An Extended Overview of ANCOVA
Designed experiments often contain treatment levels that have been set with increasing numerical values. For example, consider a chemical process which is hypothesized to vary by two factors: the Reagent type (A or B), and temperature. Researchers conducted an experiment that investigates a response at 40, 50, 60, 70, and 80 degrees (F) for each of the Reagent types.
You can find the data at QuantFactorData.csv
If temperature is considered as a categorical factor, we can proceed as usual with a 2 × 5 factorial ANOVA to evaluate the null hypotheses
\(H_0 \colon \mu_A = \mu_B\)
\(H_0 \colon \mu_{40} = \mu_{50} = \mu_{60} = \mu_{70} = \mu_{80}\)
and
\(H_0\colon\) no interaction.
Although the above hypotheses compare the response means for the process carried out at different temperatures, no conclusion can be made about the trend of the response as the temperature is increased.
In general, the trend effects of a continuous predictor are modeled using a polynomial where its non-constant terms represent the different trends, such as linear, quadratic, and cubic effects. These non-constant terms in the polynomial are called trend terms.

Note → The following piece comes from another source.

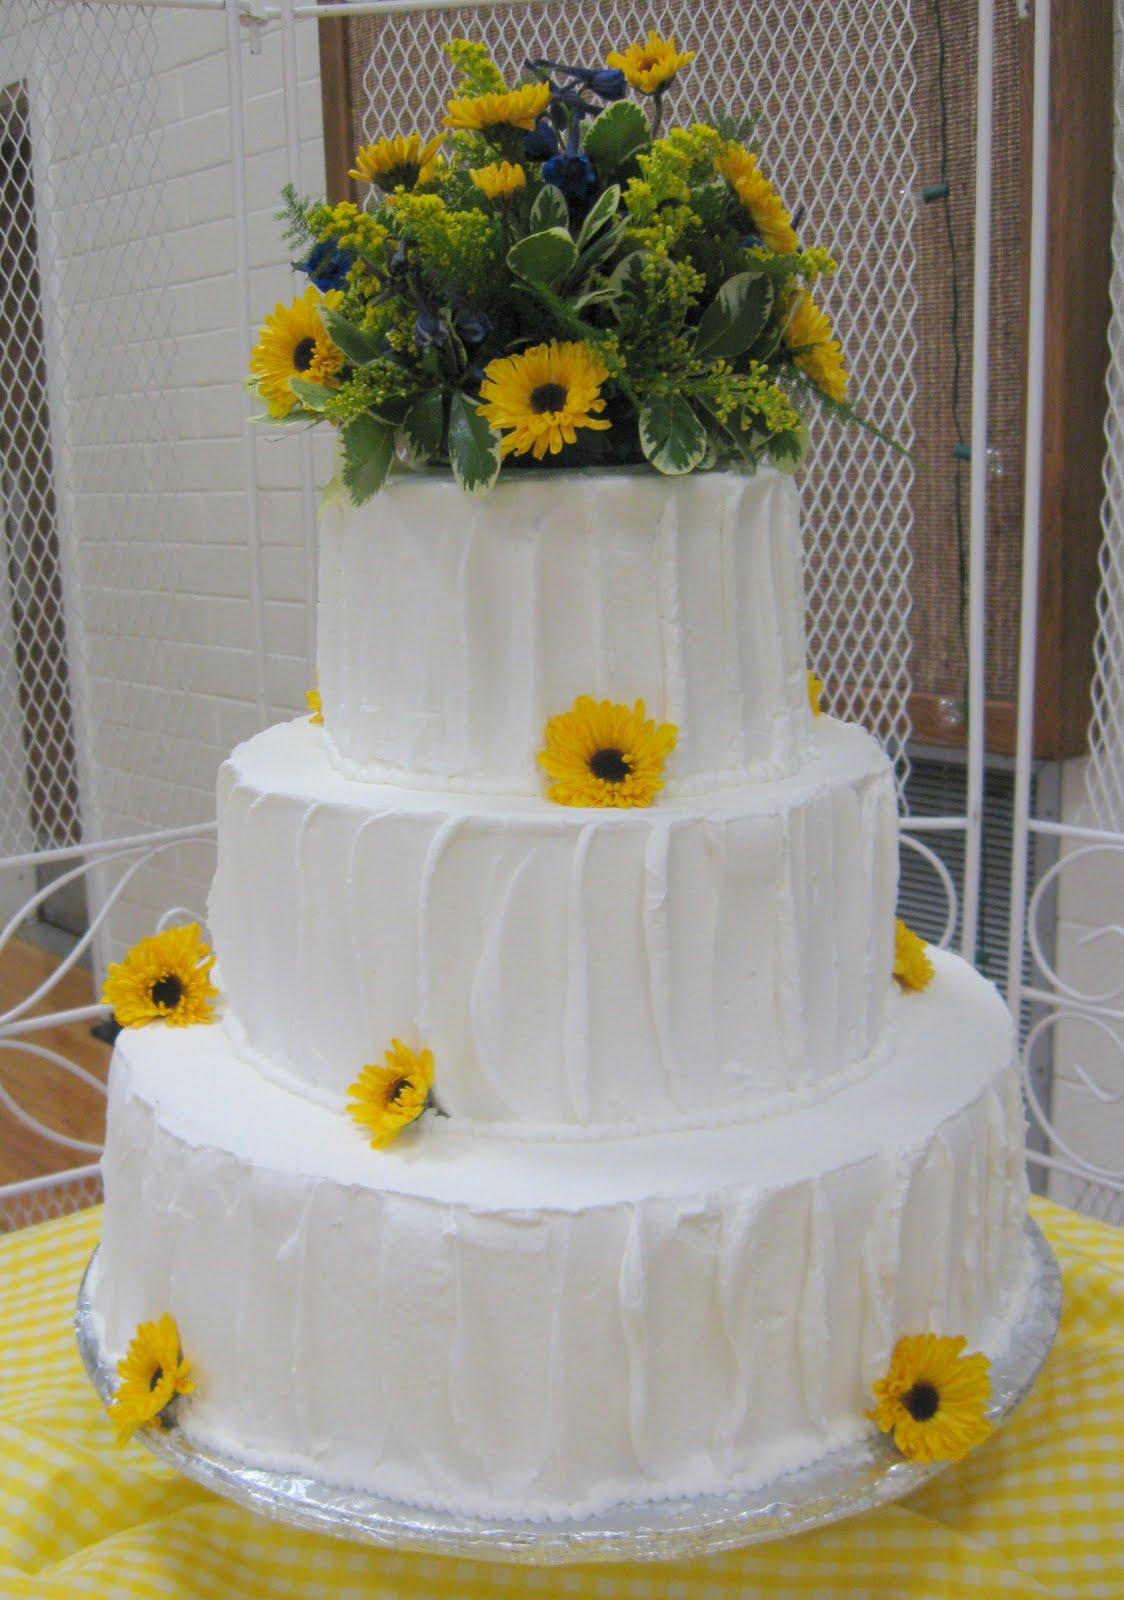 ChubbyHubbyCakes Country style wedding cake

The statistical significance of these trend terms can be tested in an ANCOVA by adding columns into the design matrix (X) of the General Linear Model (see Lesson 4 for the definition of a design matrix). These additional columns will represent the trend terms and their interaction effects with the categorical factor. Inclusion of the trend term columns will facilitate significance testing for the overall trend effects, whereas the columns representing the interactions can be utilized to compare differences of each trend effect among the categorical factor levels.

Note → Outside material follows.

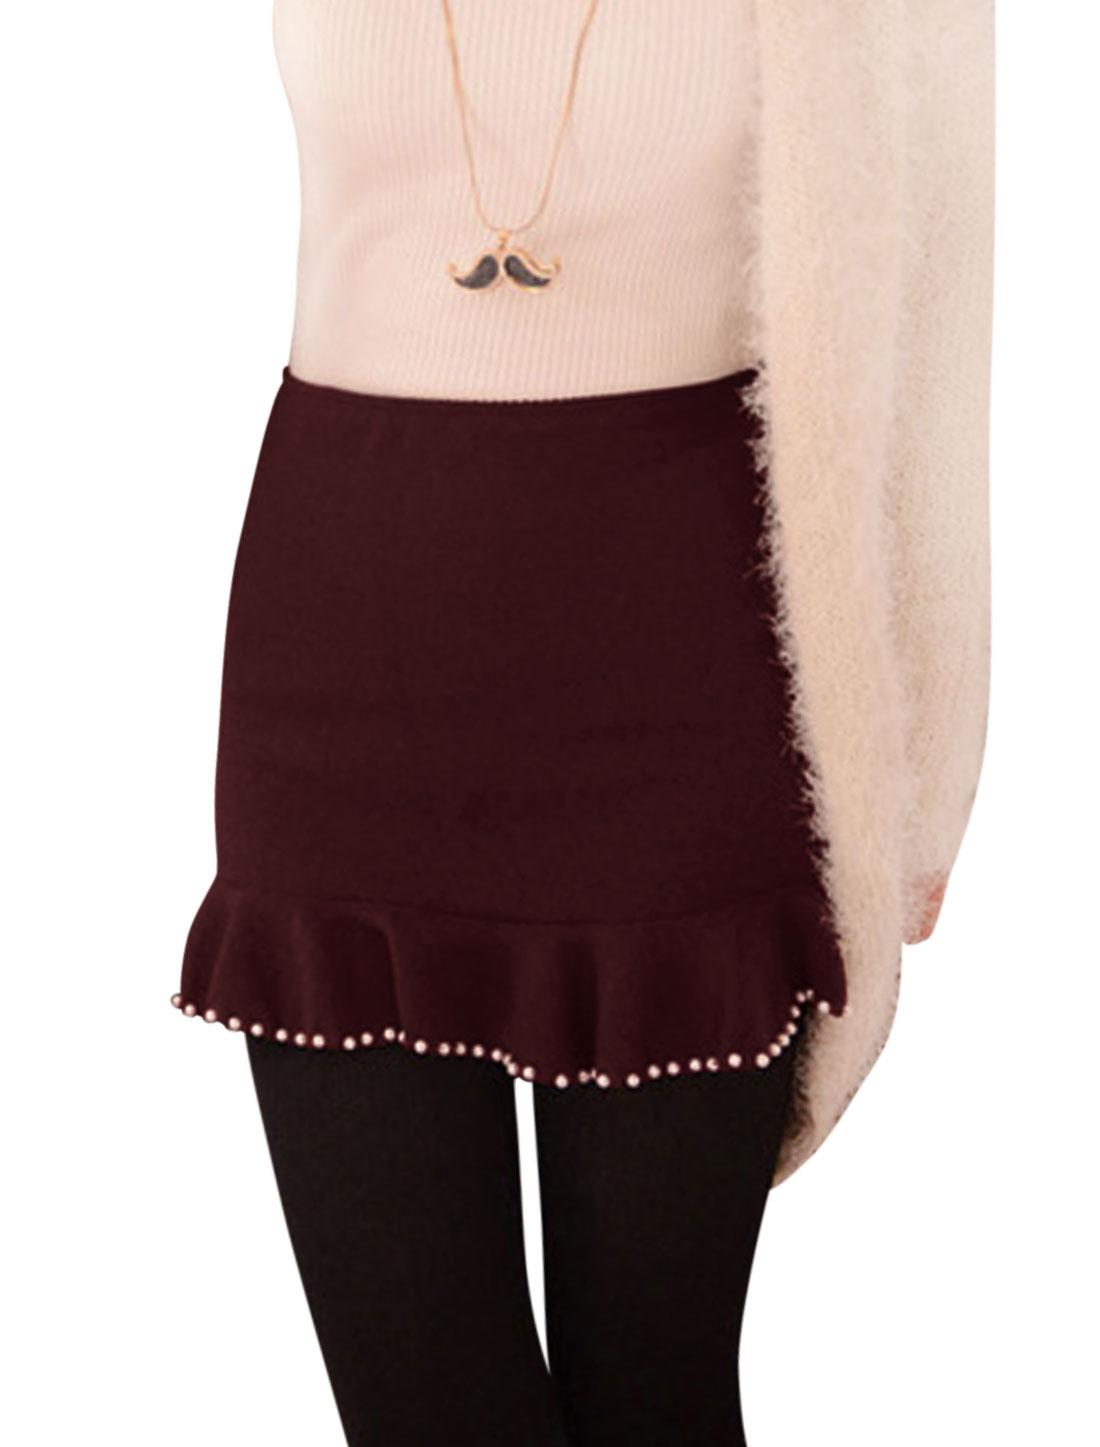 Woman Beads Decor Ruffled Hem Over Hip Burgundy Knit Skirt M

In the chemical process example, if the quantitative property of temperature is used, we can carry out an ANCOVA by fitting a polynomial regression model to express the impact of temperature on the response. If a quadratic polynomial is desired, the appropriate ANCOVA design matrix can be obtained by adding two columns representing \(temp\) and \(temp^2\) to the existing column of ones representing the reagent type A (the reference category) and the dummy variable column representing the reagent type B.
The \(temp\) and \(temp^2\) terms allow us to investigate the linear and quadratic trends, respectively. Furthermore, the inclusion of columns representing the interactions between the reagent type and the two trend terms will facilitate the testing of differences between these two trends between the two reagent types. Note also that additional columns can be added appropriately to fit a polynomial of an even higher order.
Rule: To fit a polynomial of degree n, the response should be measured at least (n+1) distinct levels of the covariate. Preliminary graphics such as scatterplots are useful in deciding the degree of the polynomial to be fitted.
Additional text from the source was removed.